Sorry, for a second I thought this was slashdot. - MikeyC, on 10/12/2007, -0/+1The whole article is based on speculation. The guy sees "mozilla" in the useragent string and assumes it's now Mozilla-based?? Browsers (including Internet Explorer) have always added "Mozilla" to their useragent string for the sake of compatibility with servers sniffing for Netscape (when Netscape was King).
It's more likely that "mozilla" has been added to the Googlebot string for the same reason. - bebopbass, on 10/12/2007, -0/+1I don't know if this is news I regularly surf as Googlebot 2.1, user agent as FF extension, but yeah if your run under it you see pretty much what you'd see as any other browser
- Rjx_, on 10/12/2007, -0/+1i don't think google have used lynx in the past few years (if at all), given that as far as 3 years back they were testing for black-on-black and white-on-white text.
secondly, where's the source for this information? i see no links to external verification.. - inactive, on 10/12/2007, -0/+1I suspect this has been done to workaround any filters that prohibit anything but Mozilla compatible clients. Back in the day, Internet Explorer added "Mozilla compatible" in the agent header to avoid all the greedy webmasters blocking it.
- ScoTTeh, on 10/12/2007, -0/+0Searching Google for the Mozilla version of the crawler brings up articles as old as April 2005 (Googlebot v2.1). This is probably linked to the whole 'Bigdaddy' project they've got going. The article also just seems to be based on speculation and not fact.
- neffy, on 10/12/2007, -0/+0Another wonderful feature they could add to their new, highly-extensible bot is validation.
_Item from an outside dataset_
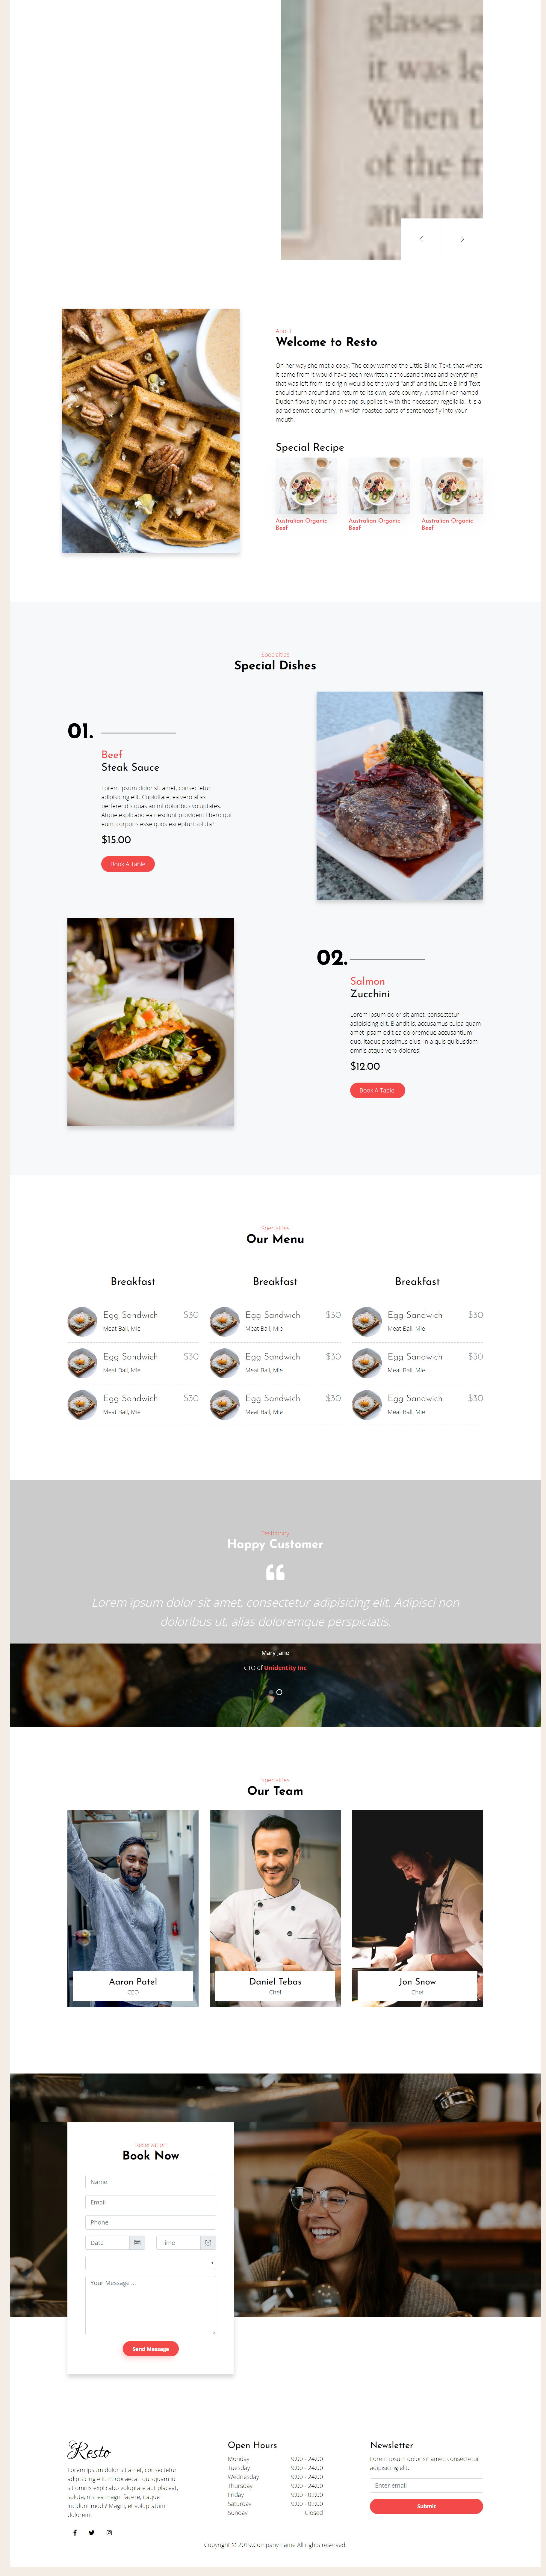 bootstrap黑色宽屏样式餐厅美食企业网站模板代码下载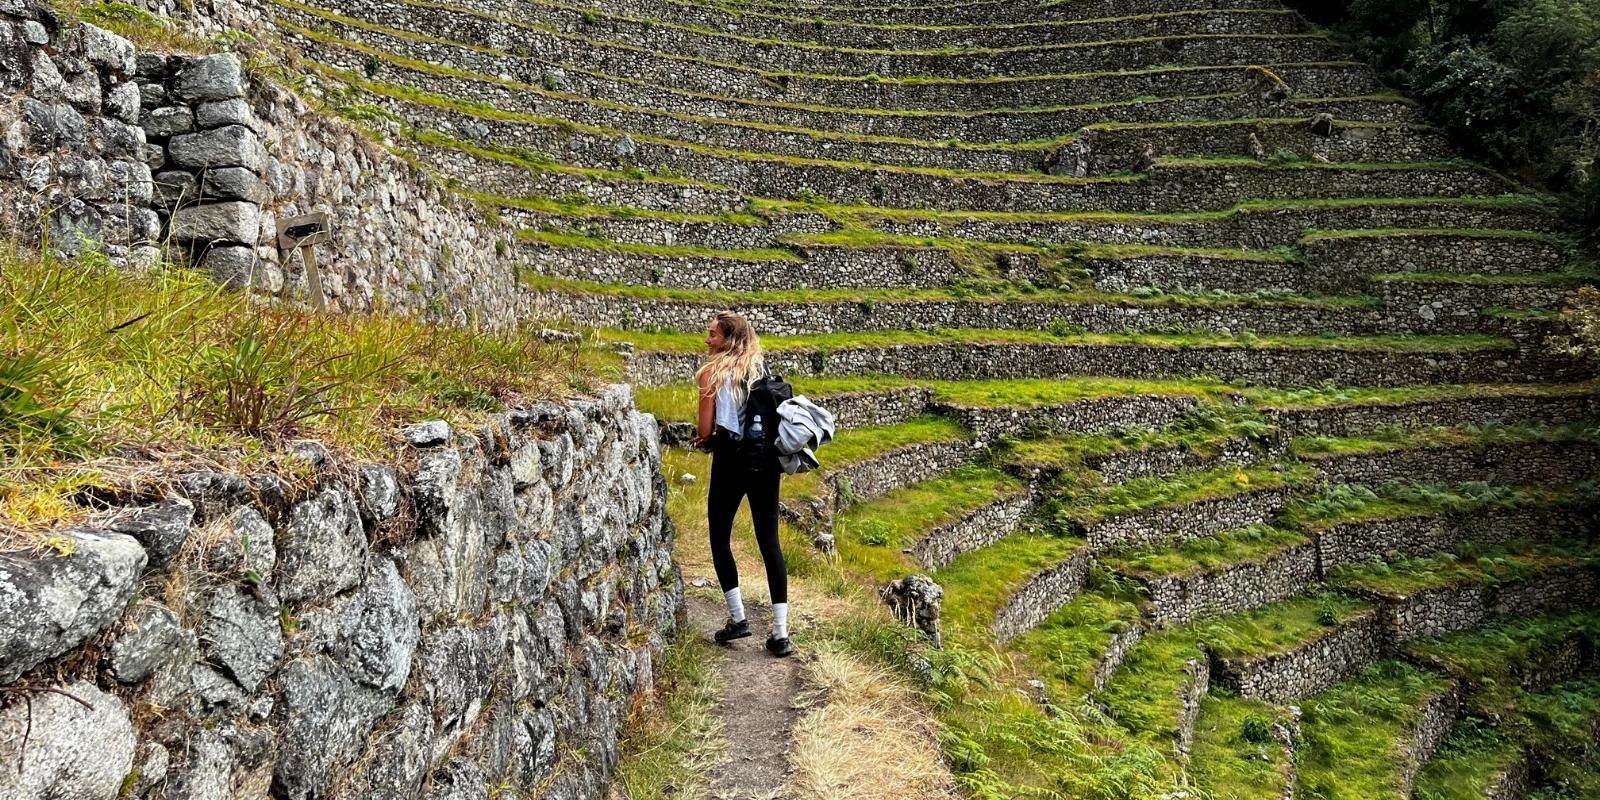 How Many Kilometers has the Classic Inca Trail

Lets say...Page 1 has to validate as valid markup. Thats taking your market power and leveraging it for Good™.
- ogletree, on 10/12/2007, -0/+0Yeah he needs to check the IP of that visitor I bet it is not Google
- listrophy, on 10/12/2007, -0/+0This may have ramifications on the hidden keyword scam. Previously, one could hide keywords on the page with an external CSS declaration. Avoiding such schemes would probably improve google's search accuracy.
That is, of course, if the UA wasn't just faked and this is a story about nothing. - inactive, on 10/12/2007, -0/+0Here's what it looks like from the Apache server logs:
Before:
"GET /robots.txt HTTP/1.1" 200 26 "-"
"Googlebot/2.1 (+http://www.google.com/bot.html)"
After:
"GET /robots.txt HTTP/1.1" 200 26 "-"
"Mozilla/5.0 (compatible; Googlebot/2.1; +http://www.google.com/bot.html)" - dvvarf, on 10/12/2007, -0/+0if googlebot really is looking for color, it might mean that adsense that better synchronises with the layout..that would be fun
- Nanobe, on 10/12/2007, -0/+0I have looked through my logs, and I see a third basic Googlebot user agent:
Mozilla/5.0 (Windows; U; Windows NT 5.1; en-US; rv:1.8.0.1) Gecko/20060111 Googlebot 2.1
However, I'm not convinced that it's a bot. It may well be a Firefox/Mozilla user who has simply modified his/her user agent string. The one instance of it I see in my logs apparently found my site from a Google search pagethis does not look like a bot to me. It apparently reached my site from a Google search page and content was downloaded from my site as Firefox or Mozilla would after a page visit. Stylesheets and .js file were requested, as well as two images from the default stylesheet, and then it was gone. Looks to me like a real person who just hit his back button quickly after visiting.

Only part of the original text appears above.